**Provided material**
----------

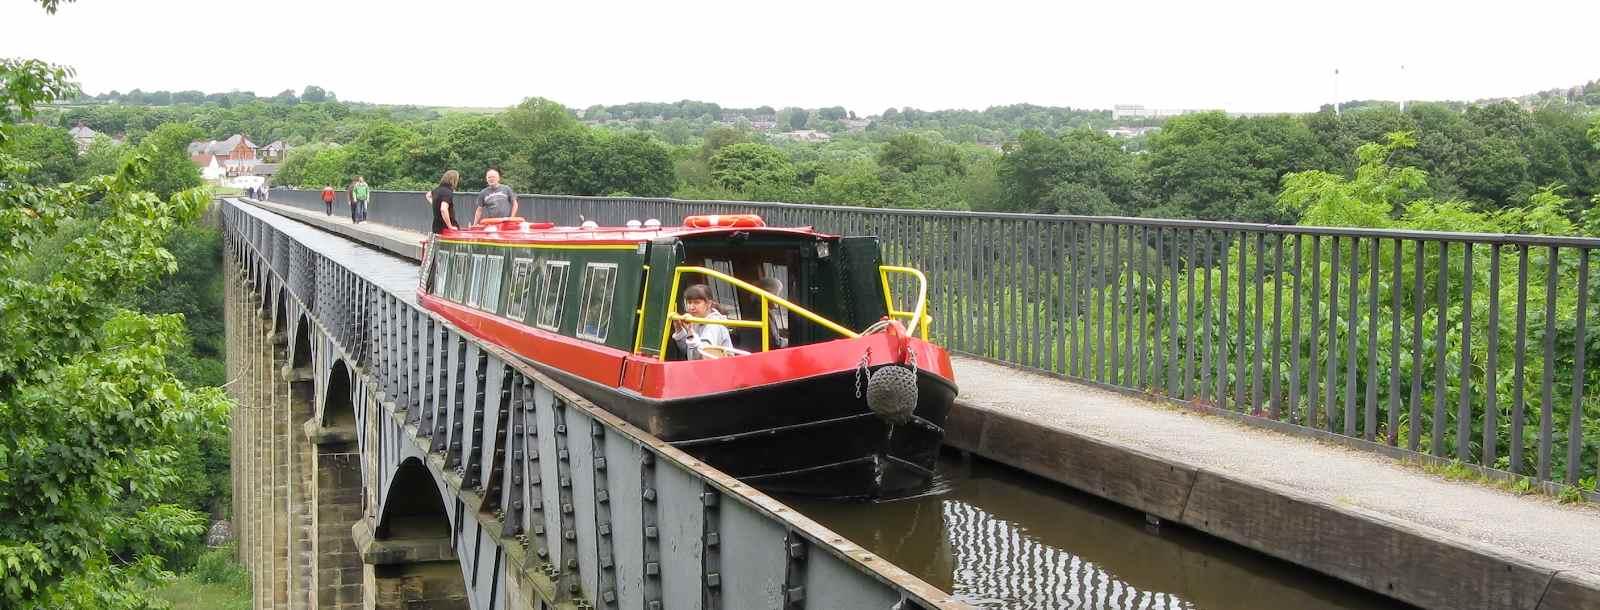 Narrowboat Route Llangollen Canal
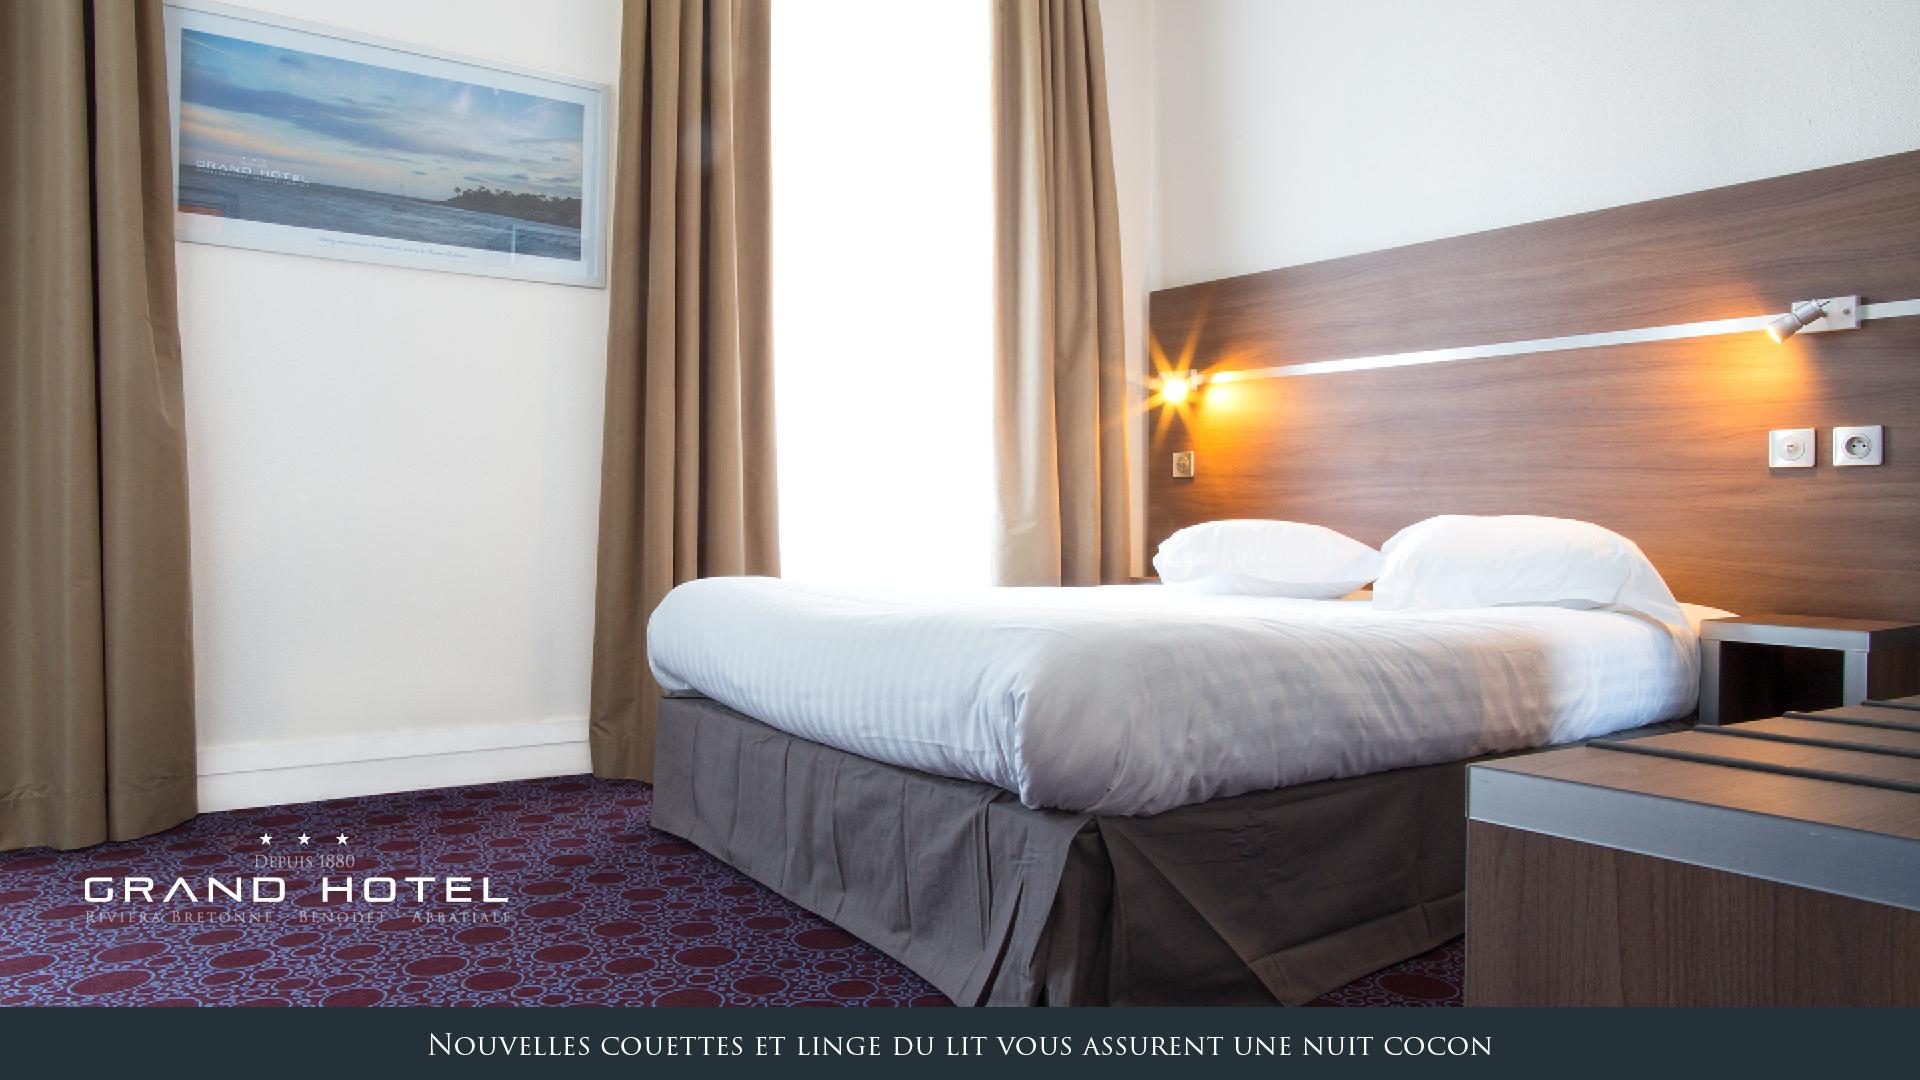 hotel 1920x1080 mai 20167GRAND HOTEL BENODET
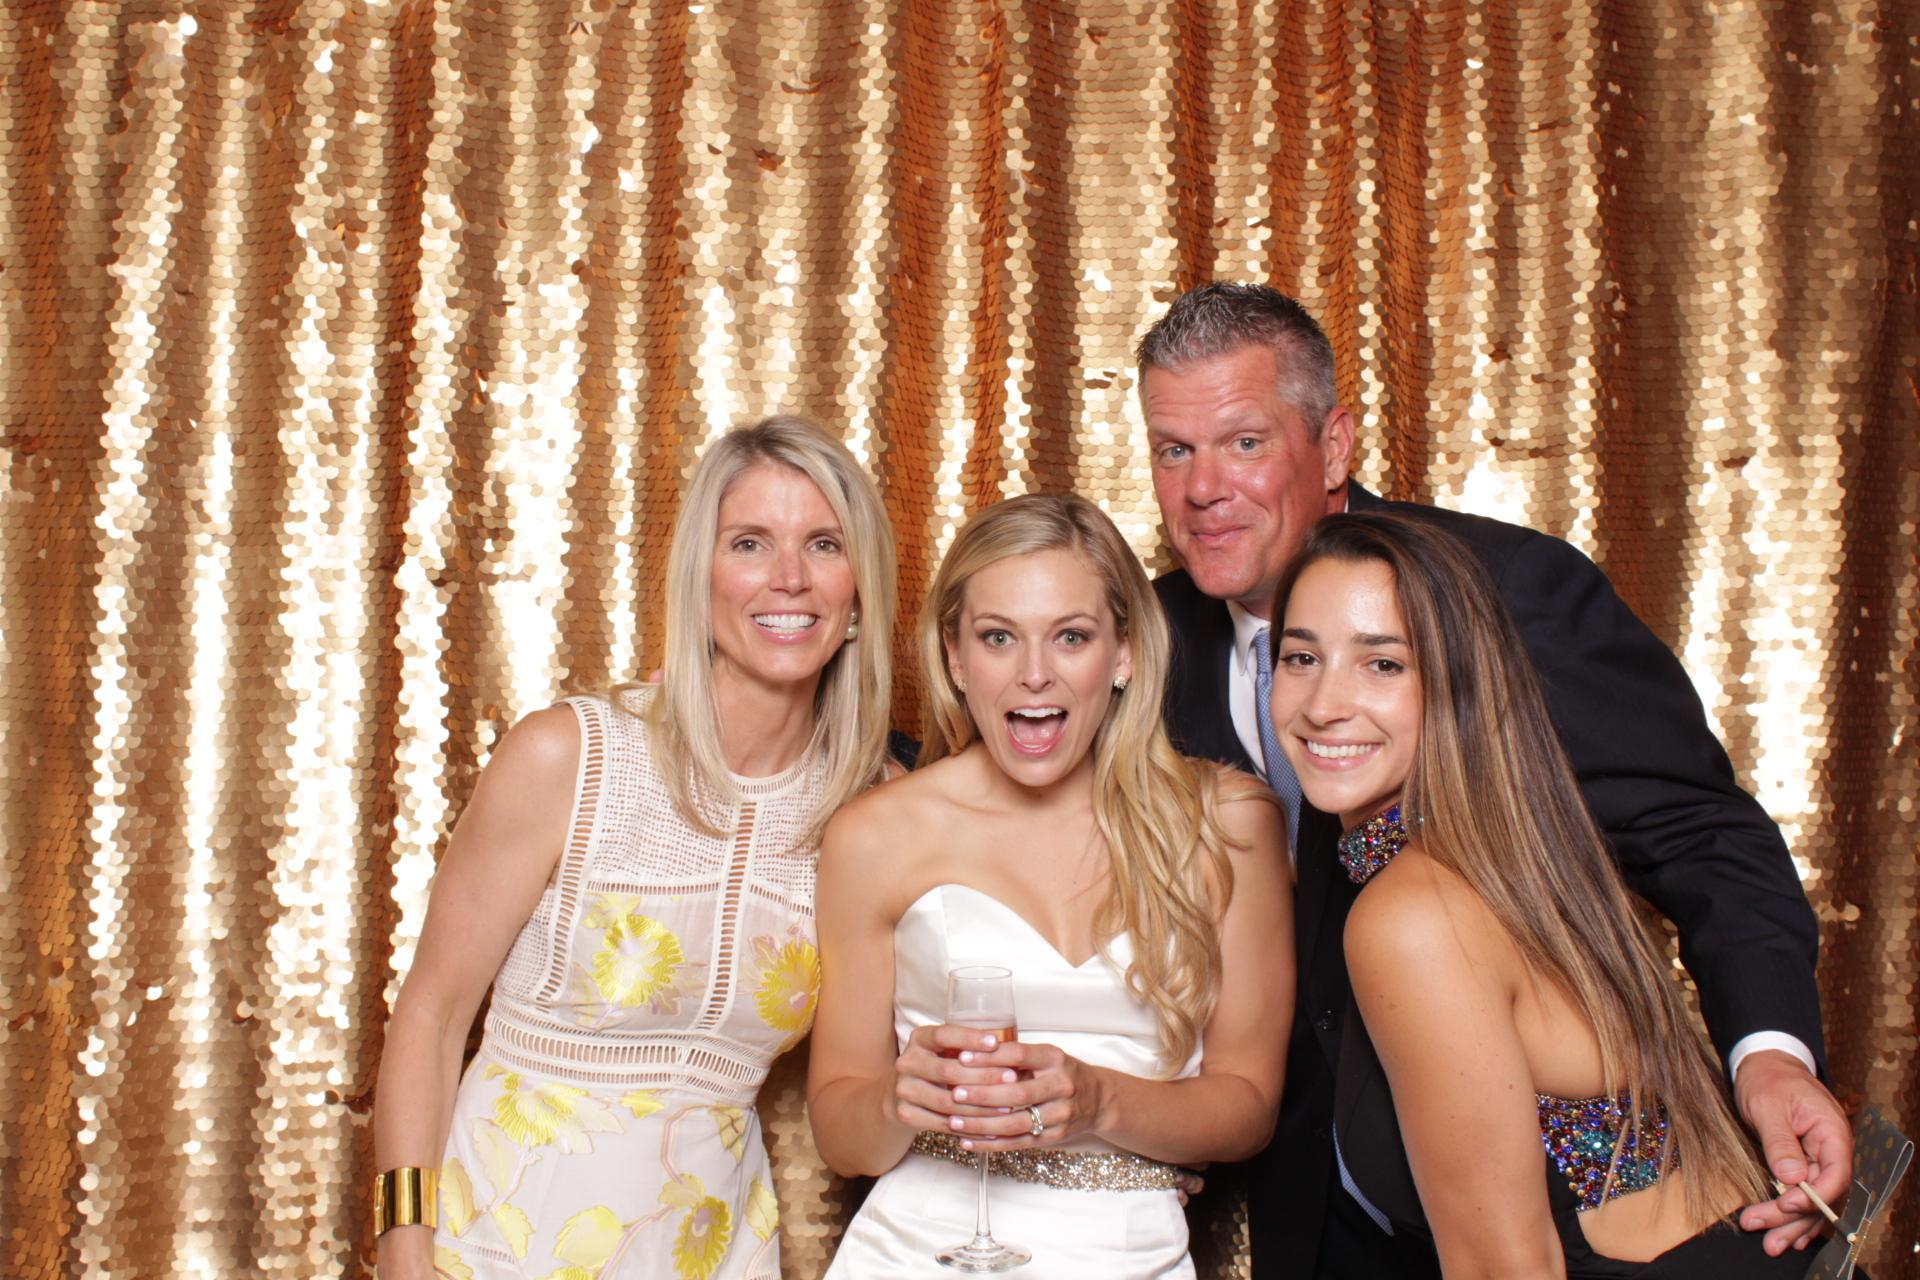 Minneapolis_wedding_photo_booth_Machine_Shop (19).jpg
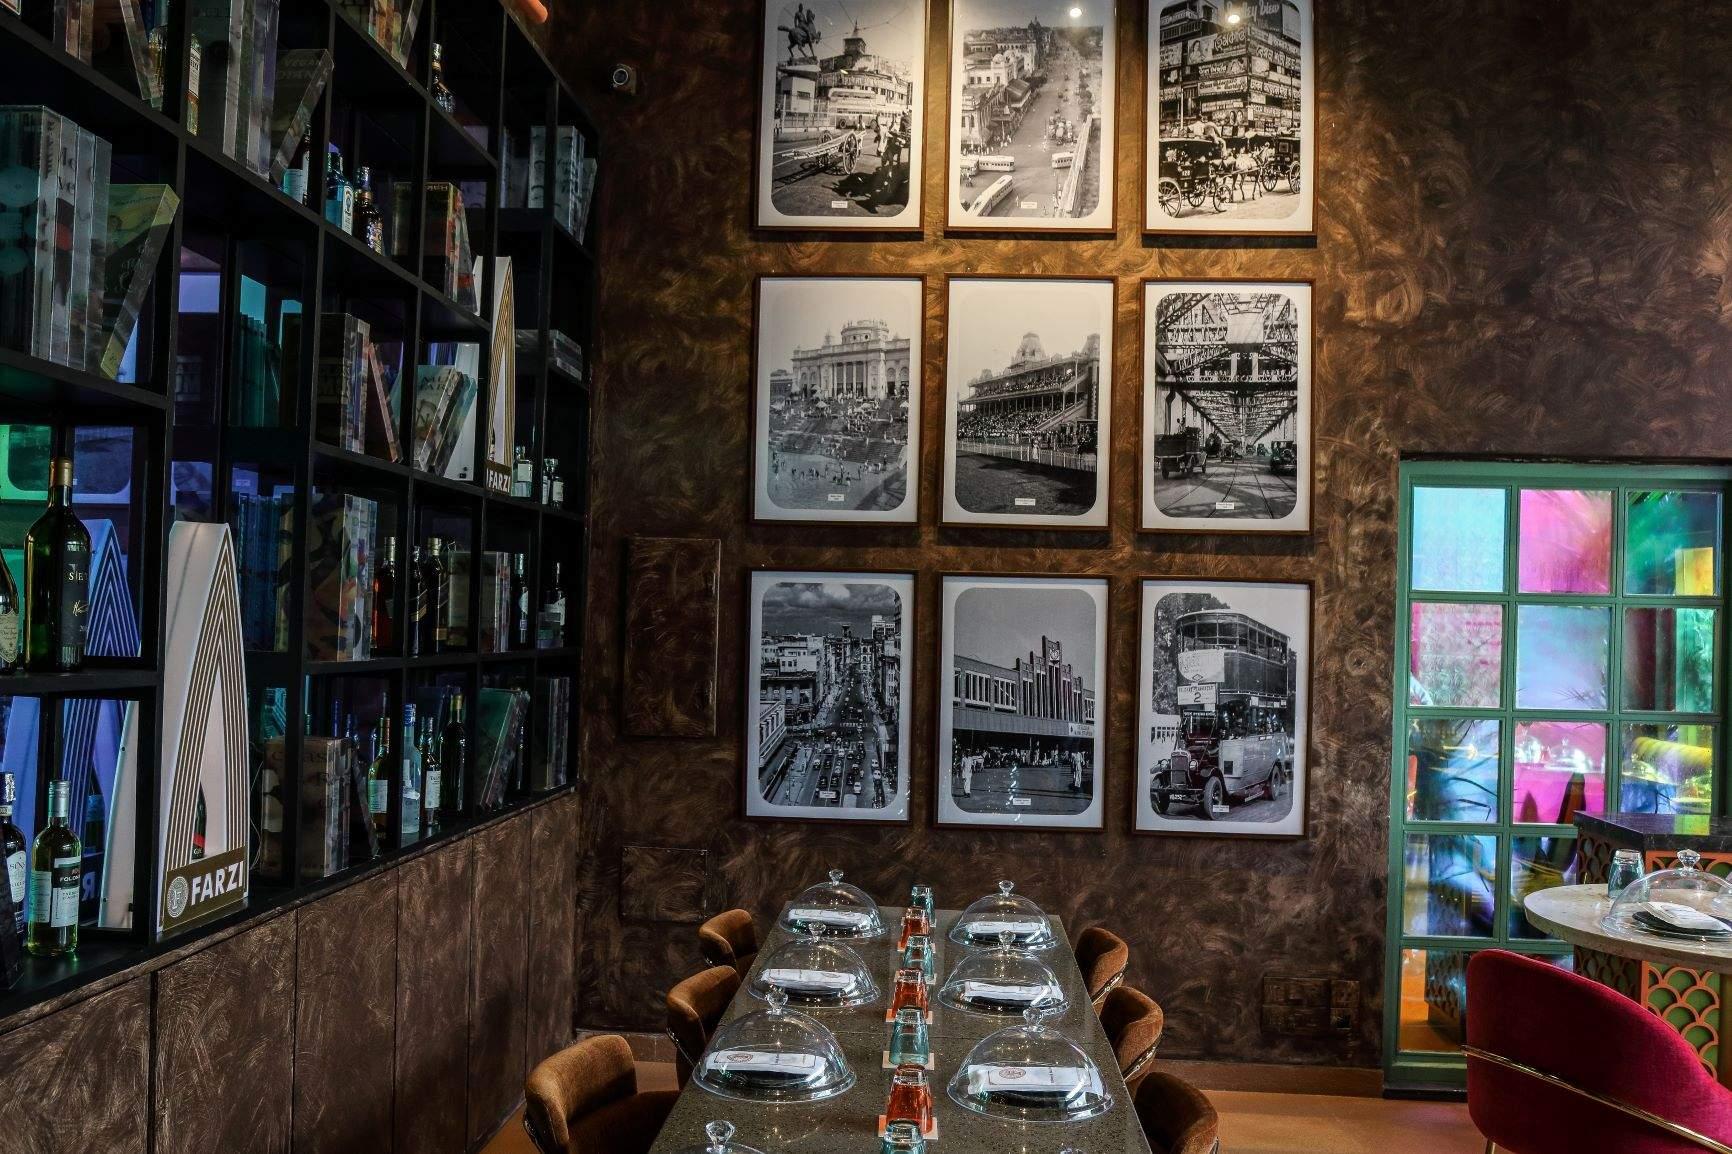 Interiors of Farzi Cafe Kolkata

----------

**Exercise**
Recopy the whole listing above precisely, excluding images.

**Exercise output**
 Narrowboat Route Llangollen Canal
 hotel 1920x1080 mai 20167GRAND HOTEL BENODET
 Minneapolis_wedding_photo_booth_Machine_Shop (19).jpg
 Interiors of Farzi Cafe Kolkata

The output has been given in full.